Justin specialises in systems biology and the analysis of omics data
Justin's research interests lie within the intersection of metabolism, bioinformatics, and mathematical modelling. He has broad research interests in probabilistic approaches to analyse different types of high-throughput data and their applications for understanding cellular metabolism. Justin is currently working at IDEA Bio, a synthetic biology service, developing computational pipelines and methods to guide rational design for the enhanced production of biologically-based products. Justin completed his PhD in biochemistry with a specialisation in bioinformatics at the University of Ottawa (Canada) in 2025, where he developed Markov chain-based methods to analyse large-scale metabolic flux networks. His MSc, also completed at the University of Ottawa, focused on developing Bayesian methods to identify lipid subclasses from liquid chromatography coupled to tandem mass spectrometry (LC-MS) data. Justin's honours thesis quantified statistical biases of common peak callers on 100 chromatin immunoprecipitation followed by high-throughput sequencing (ChIP-seq) datasets from the ENCODE Consortium, and proposed a statistical recalibration procedure to reduce false positive protein-DNA binding sites.
Key Publications
Chitpin JG and Perkins TJ: A Markov constraint to uniquely identify elementary flux mode weights in unimolecular metabolic networks, Journal of Theoretical Biology, 2023.

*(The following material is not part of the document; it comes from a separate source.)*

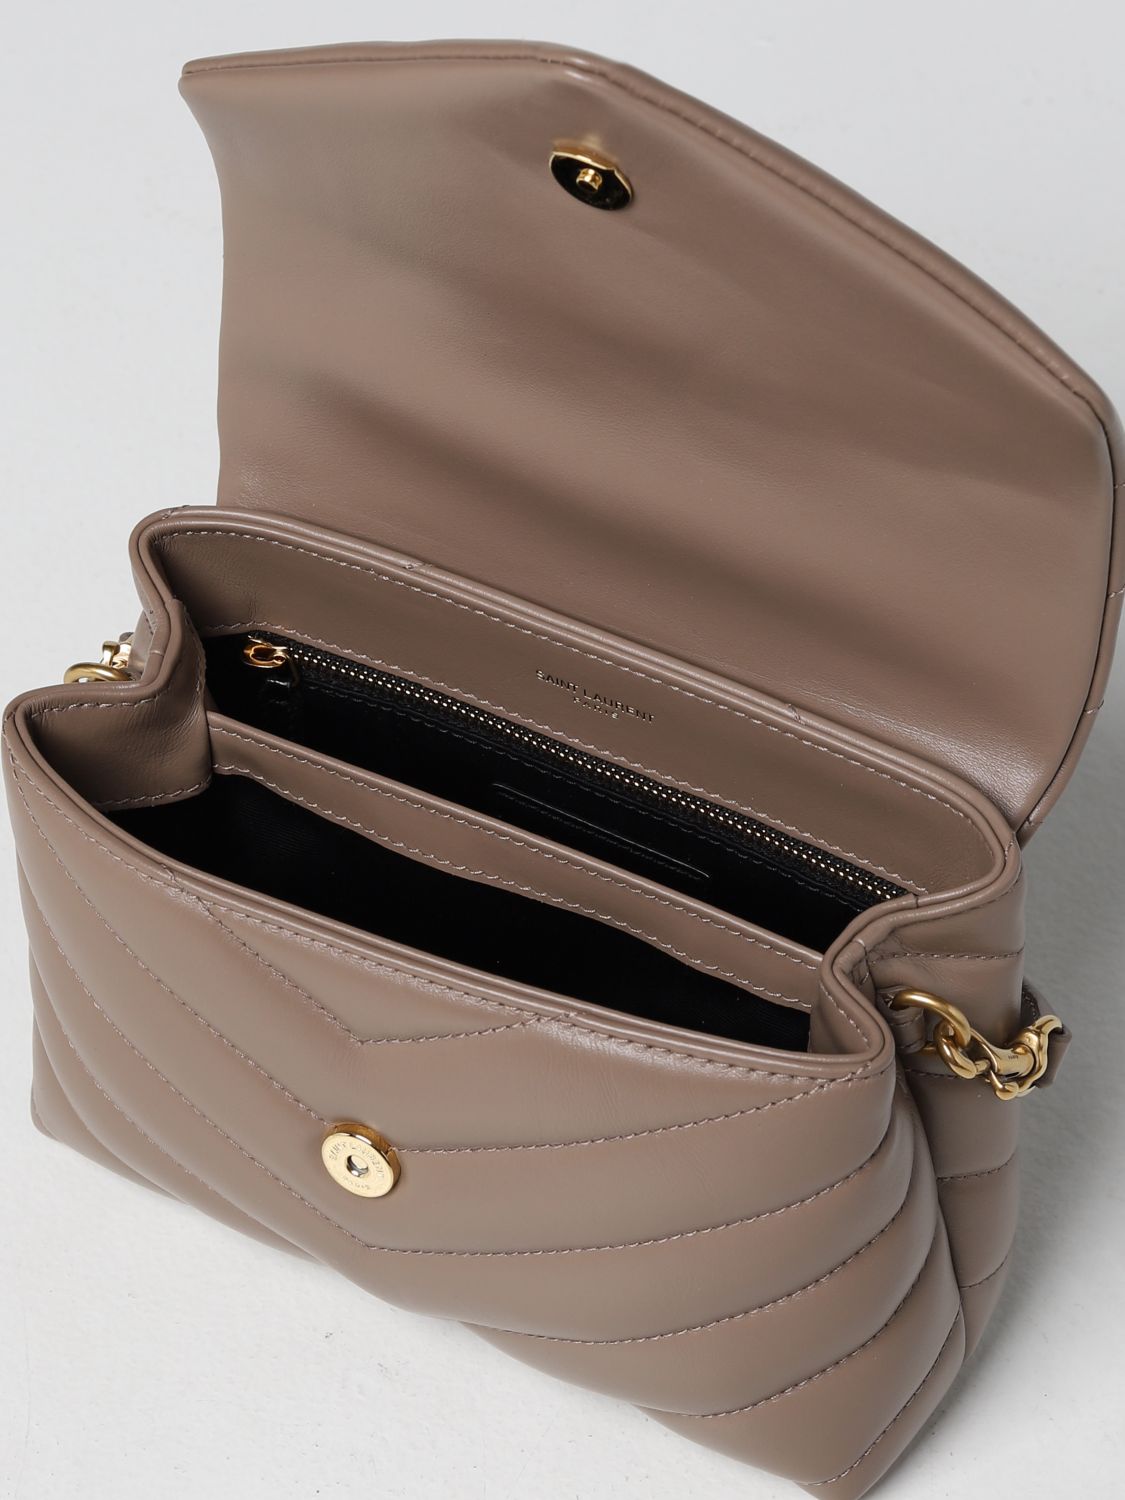 Mini sac à main Saint Laurent: Sac porté épaule femme Saint Laurent taupe 5
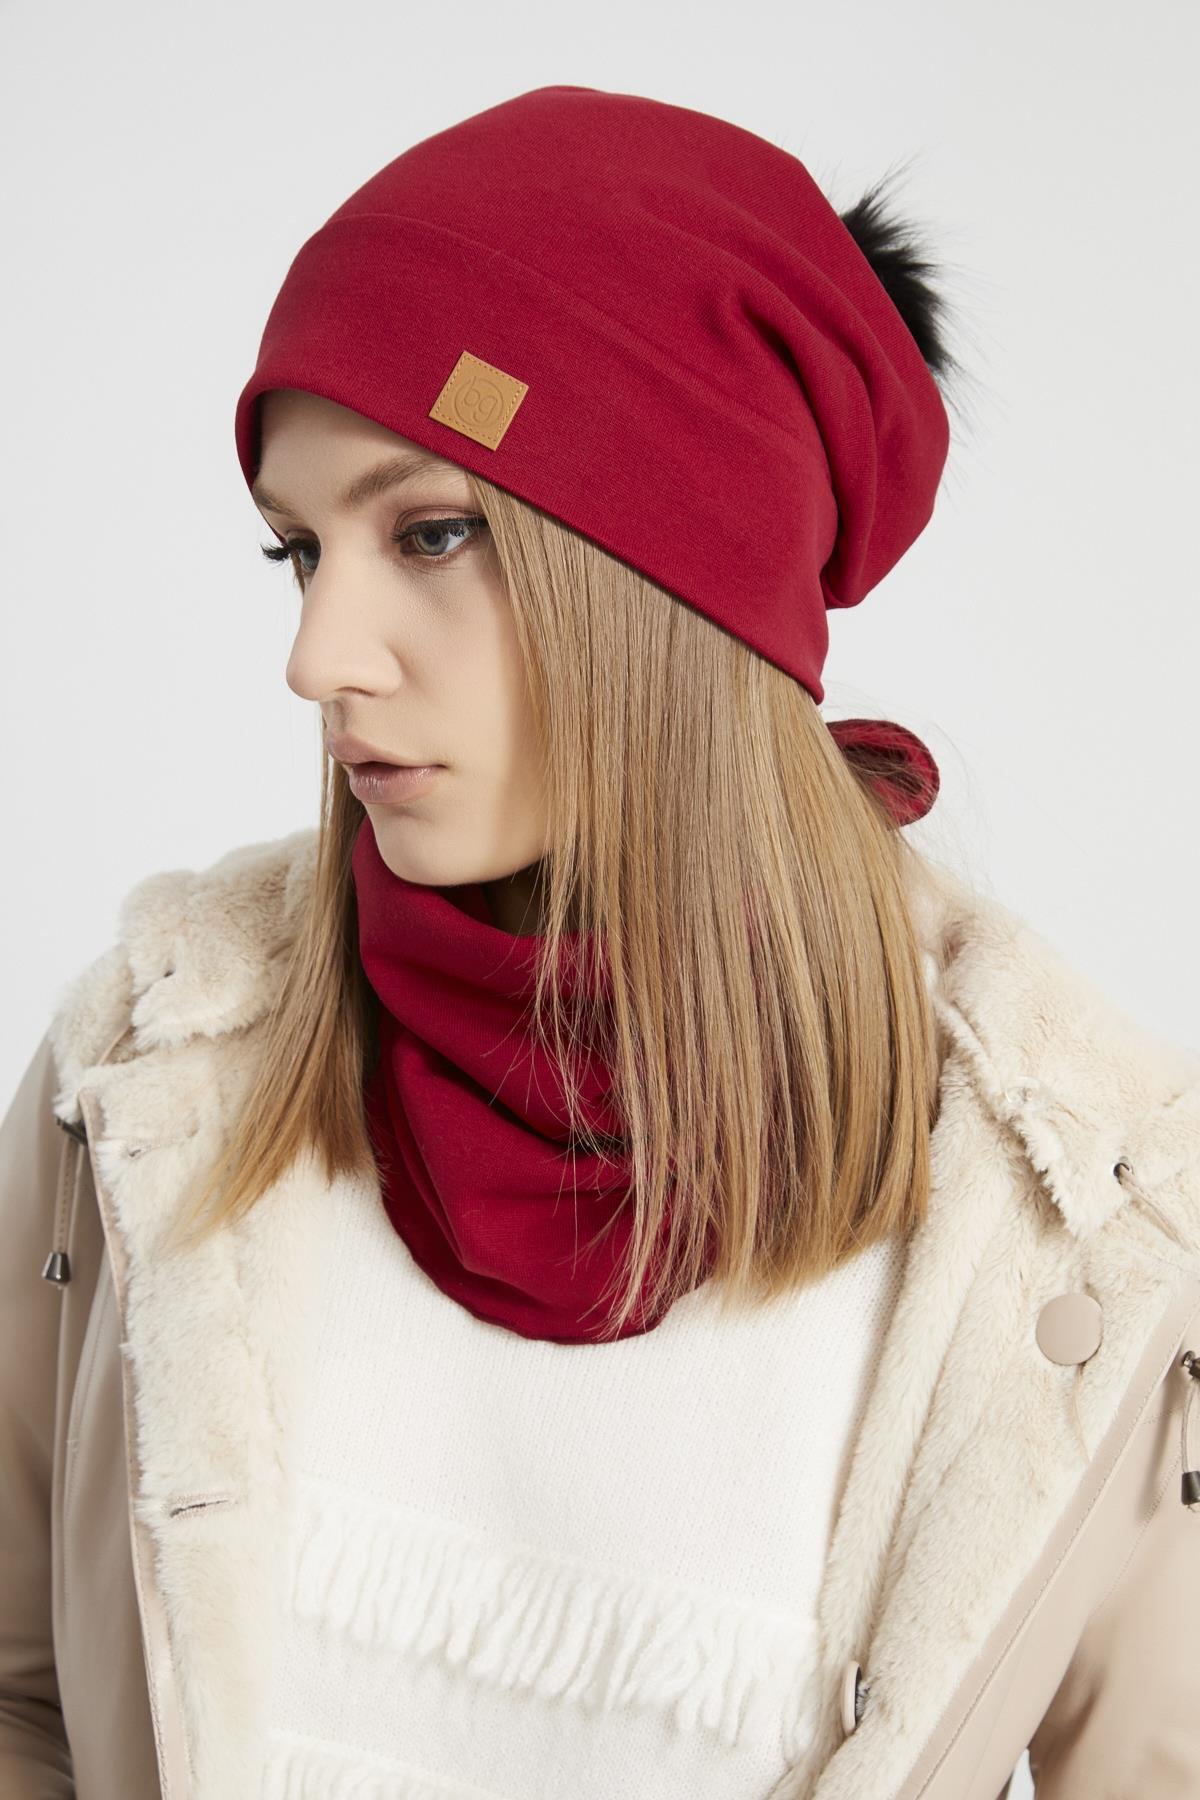 Kadın Genç Kız, trend kırmızı kürk ponponlu Şapka Bere boyunluk Takım  -Spor, Rahat, pamuklu, TERMAL

Chitpin JG, Surendra A, Nguyen TT, Taylor GP, Xu H, Alecu I, Ortega R, Tomlinson JJ, Crawley AM, McGuinty M, Schlossmacher MG, Saunders-Pullman R, Cuperlovic-Culf M, Bennett AL, Perkins TJ: BATL: Bayesian annotations for targeted lipidomics, Bioinformatics, 2022.
Chitpin JG, Awdeh A, Perkins TJ: RECAP reveals the true statistical significance of ChIP-seq peak calls, Bioinformatics, 2019.